Macro for GCC 9's new __builtin_expect_with_probability

[nemequ]

It looks like GCC 9 will have a new builtin which I'm rather excited about, __builtin_expect_with_probability(long exp, long c, double probability):

This function has the same semantics as __builtin_expect, but the caller provides the expected probability that exp == c. The last argument, probability, is a floating-point value in the range 0.0 to 1.0, inclusive. The probability argument must be constant floating-point expression.

I'm trying to figure out the best way to expose this in Hedley. It's going to require more thought, and lots of testing, but right now I'm thinking about something like:

#if HEDLEY_GNUC_HAS_BUILTIN(__builtin_expect_with_probability,9,0,0)
#  define HEDLEY_PREDICT(expr, value, probability) \
      __builtin_expect_with_probability(expr, value, probability)
#elif \
  HEDLEY_GNUC_HAS_BUILTIN(__builtin_expect,3,0,0) || \
  HEDLEY_INTEL_VERSION_CHECK(16,0,0) || \
  HEDLEY_SUNPRO_VERSION_CHECK(5,12,0) || \
  HEDLEY_ARM_VERSION_CHECK(4,1,0) || \
  HEDLEY_IBM_VERSION_CHECK(10,1,0) || \
  HEDLEY_TI_VERSION_CHECK(7,3,0) || \
  HEDLEY_TINYC_VERSION_CHECK(0,9,27)
#  define HEDLEY_PREDICT(expr, value, probability) \
      (((probability) >= 0.9) ? __builtin_expect((expr), (value)) : (expr))
#else
#  define HEDLEY_PREDICT(expr, value, probability) (expr)
#endif

probability has to be constant, so the compiler should eliminate the test., but I definitely want to verify that to ensure we don't bloat the compiled code. It might also be nice to go through a temporary constexpr double if compiling in C++17 mode with compilers other than GCC 9+ which support statement exprs.
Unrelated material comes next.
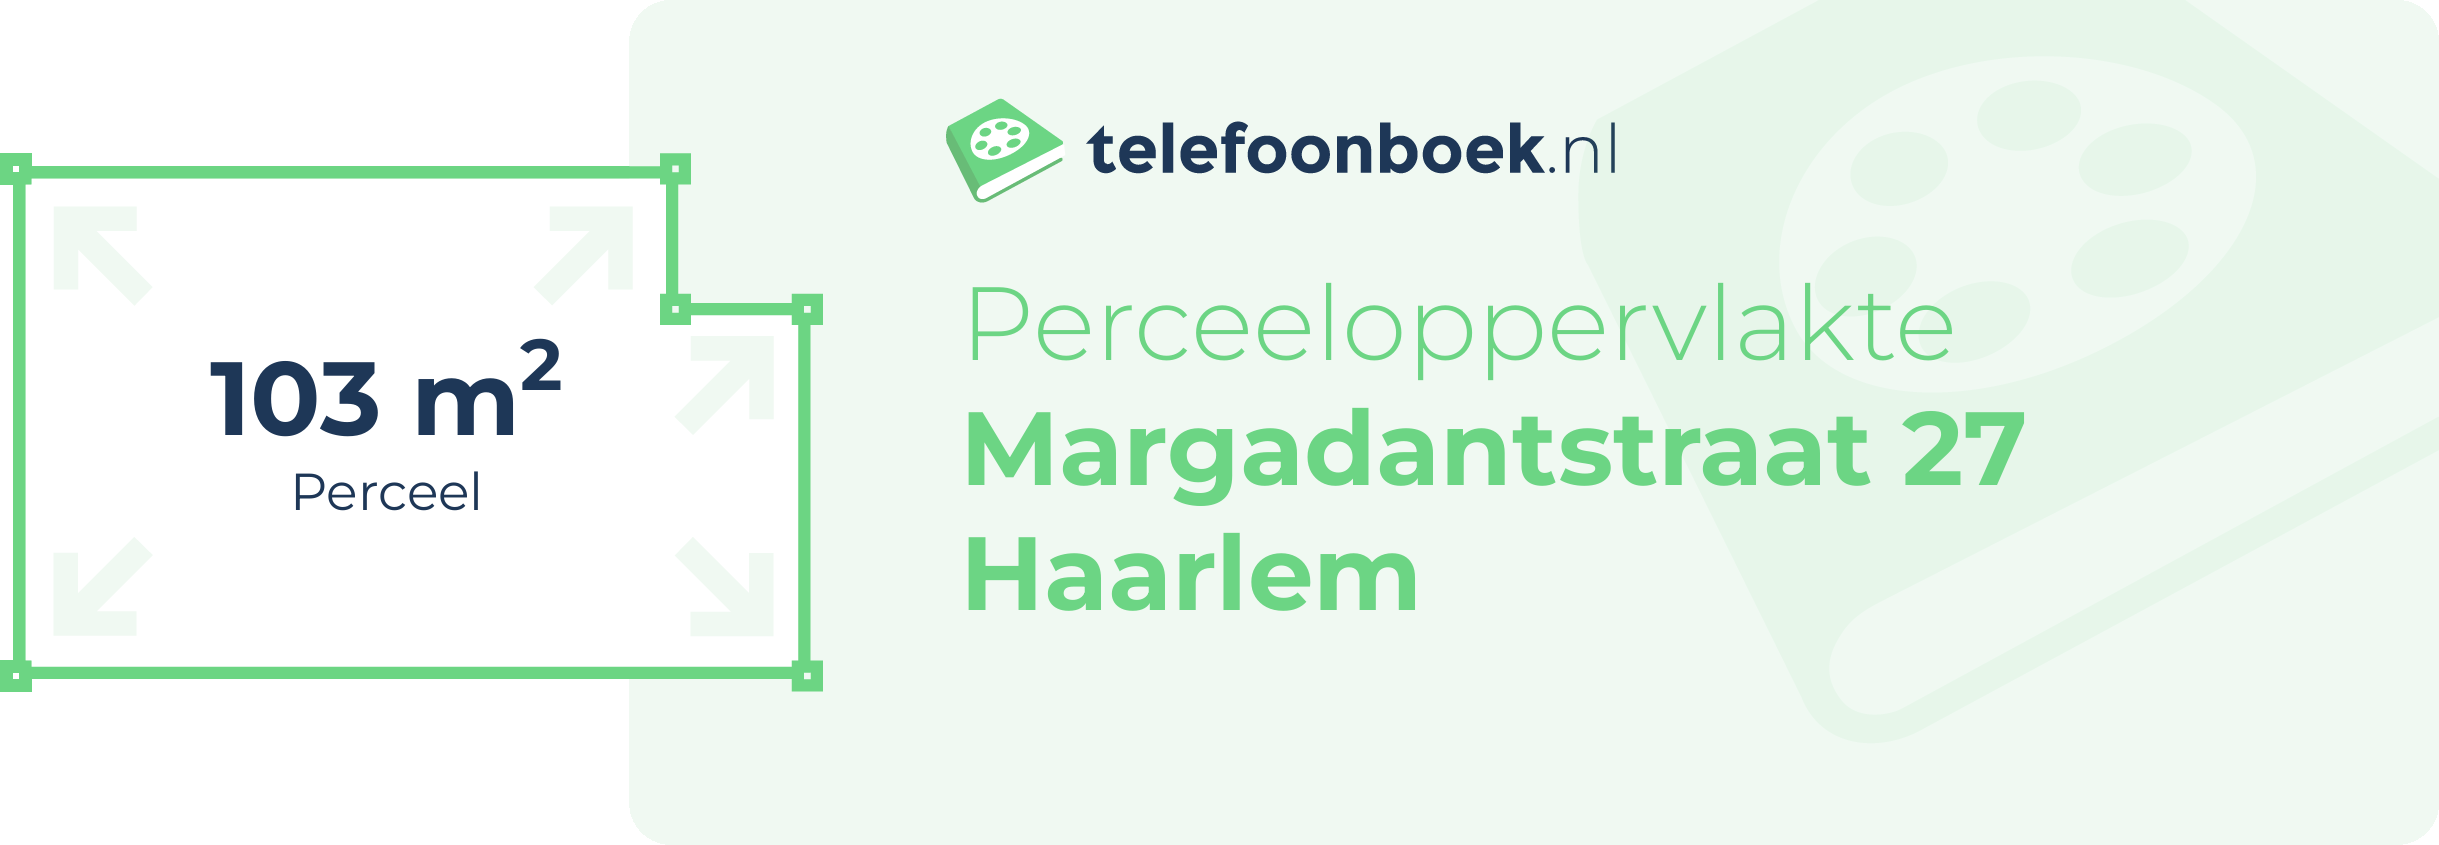 Perceeloppervlakte Margadantstraat 27 Haarlem
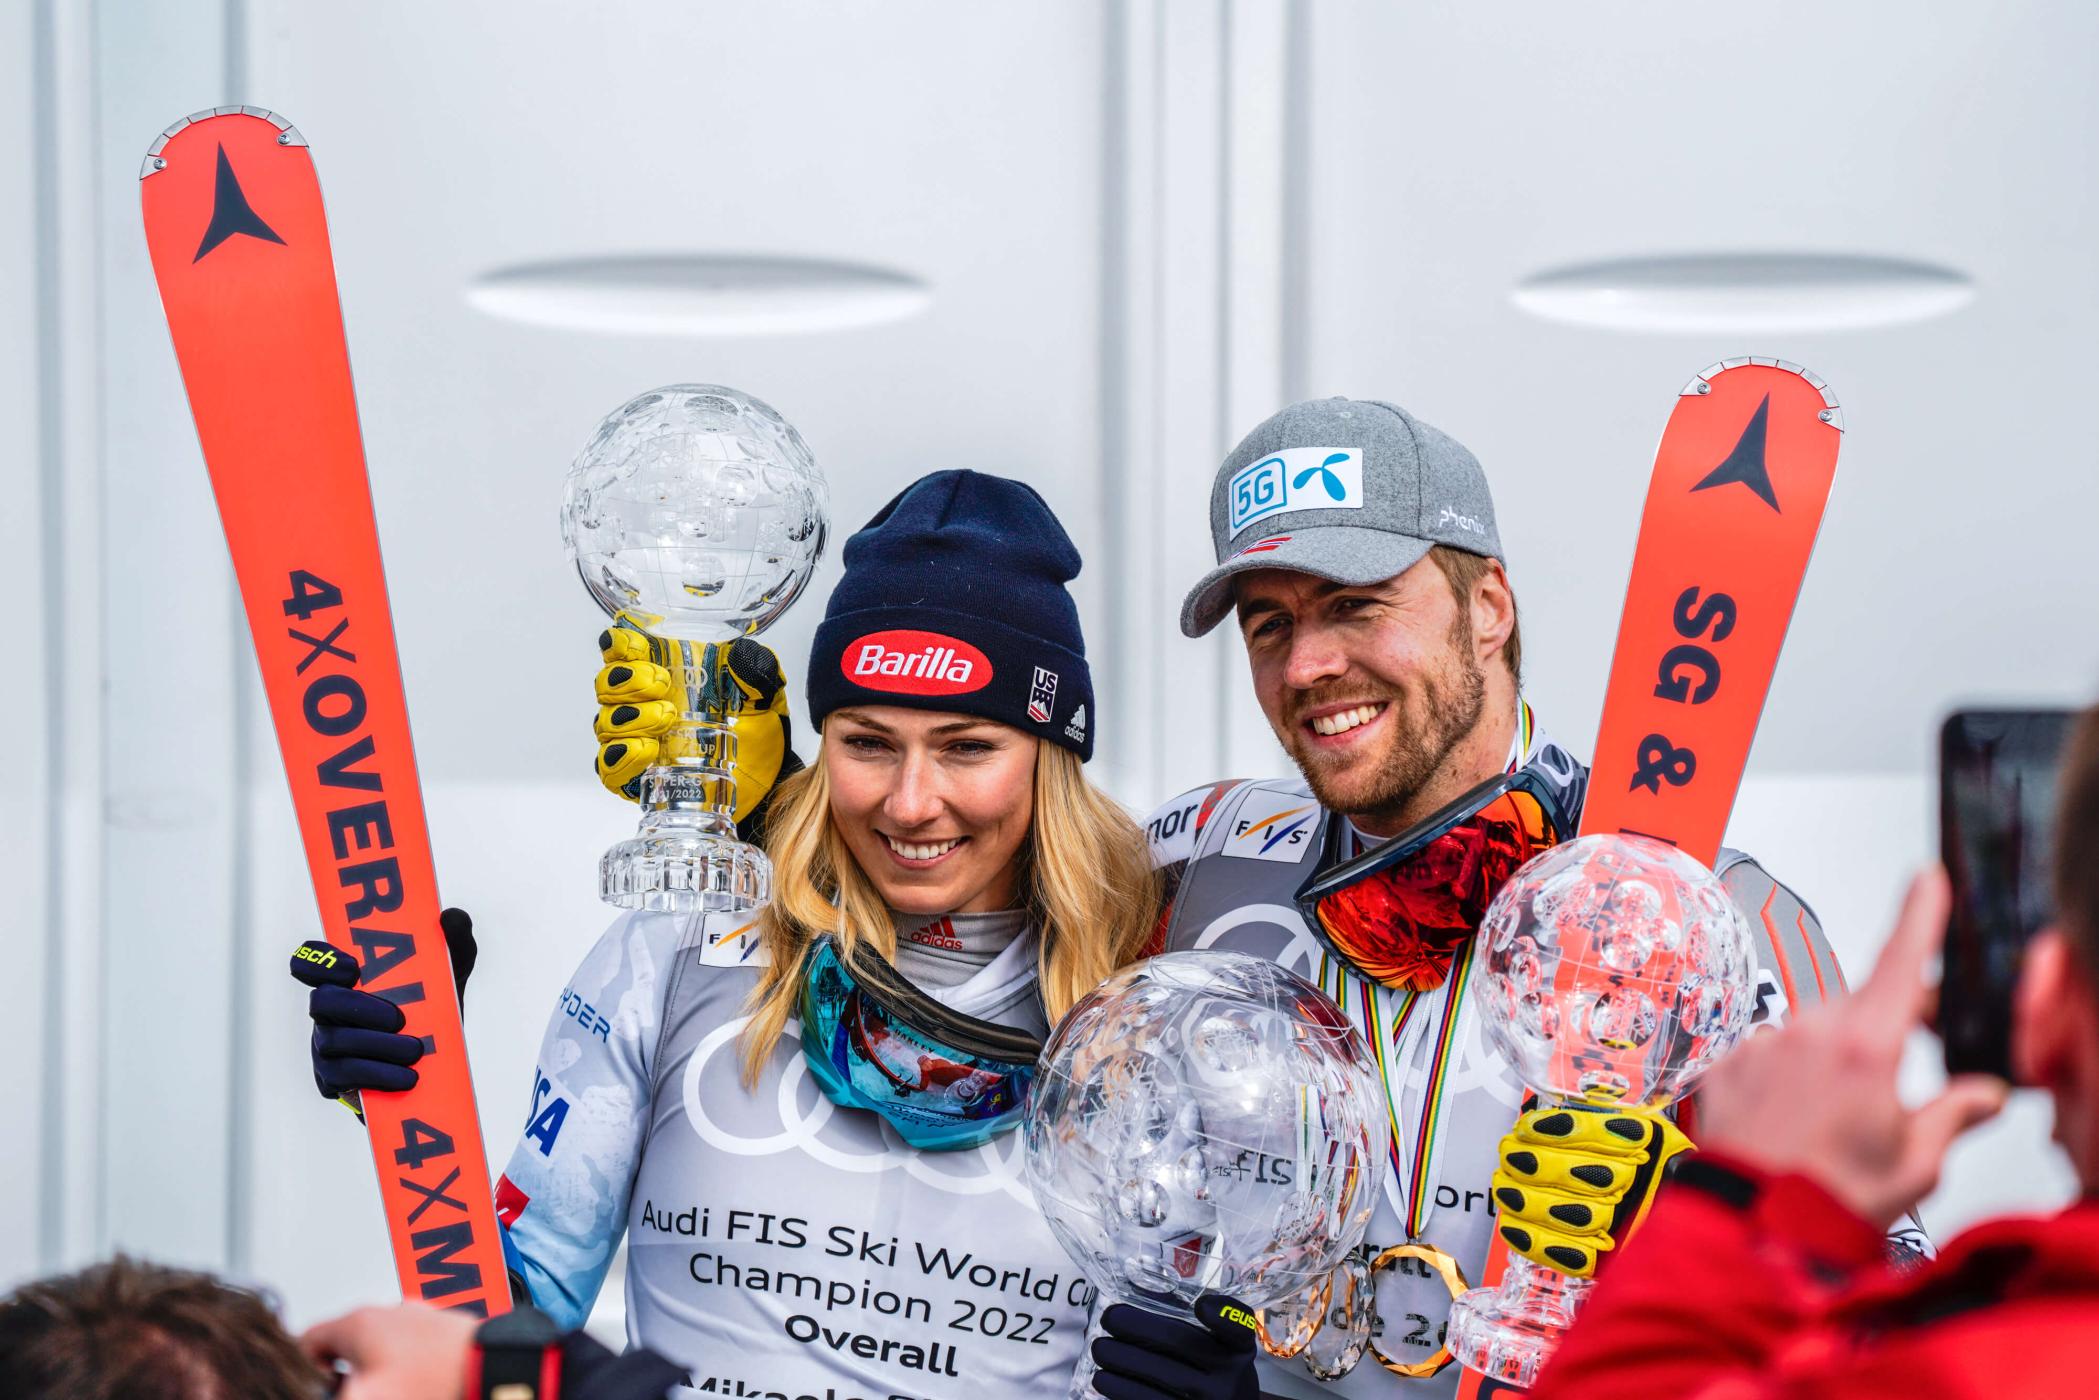 Skifahrer-Paar: Mikaela Shiffrin mit ihrem Partner Aleksander Aamodt Kilde

I'm not completely satisfied with the API, either. When I want to use __builtin_expect it's almost always to check boolean values. It might be nice to have some macros which assume bools, like the current HEDLEY_LIKELY/HEDLEY_UNLIKELY macros (which don't have the probability parameter). I need to think of new names, but something like

#define HEDLEY_LIKELY(expr, probability) HEDLEY_PREDICT(!!(expr), 1, probability)
#define HEDLEY_UNLIKELY(expr, probability) HEDLEY_PREDICT(!!(expr), 0, probability)

It should also be possible to use this to use this to reverse a test for low probability items when using __builtin_expect, so HEDLEY_LIKELY(expr, 0.01) would become __builtin_expect(!!(expr), 0) instead of !!(expr).

If anyone has any thoughts and/or suggestions, please speak up!

[nemequ]

I just pushed 7646ce7ea2e1ede712f6a8a9ba9abe967ae5da98 to dev for testing with the names HEDLEY_PREDICT, HEDLEY_PREDICT_TRUE, and HEDLEY_PREDICT_FALSE, but I'm still very open to other ideas.

[travisdowns]

I definitely like the idea of a specialized boolean variant. My current use is 100% for indicating likely branch direction, so boolean use. Hedley would be a nice place to put those details, especially if other mechanisms pop up in the future which are branch specific.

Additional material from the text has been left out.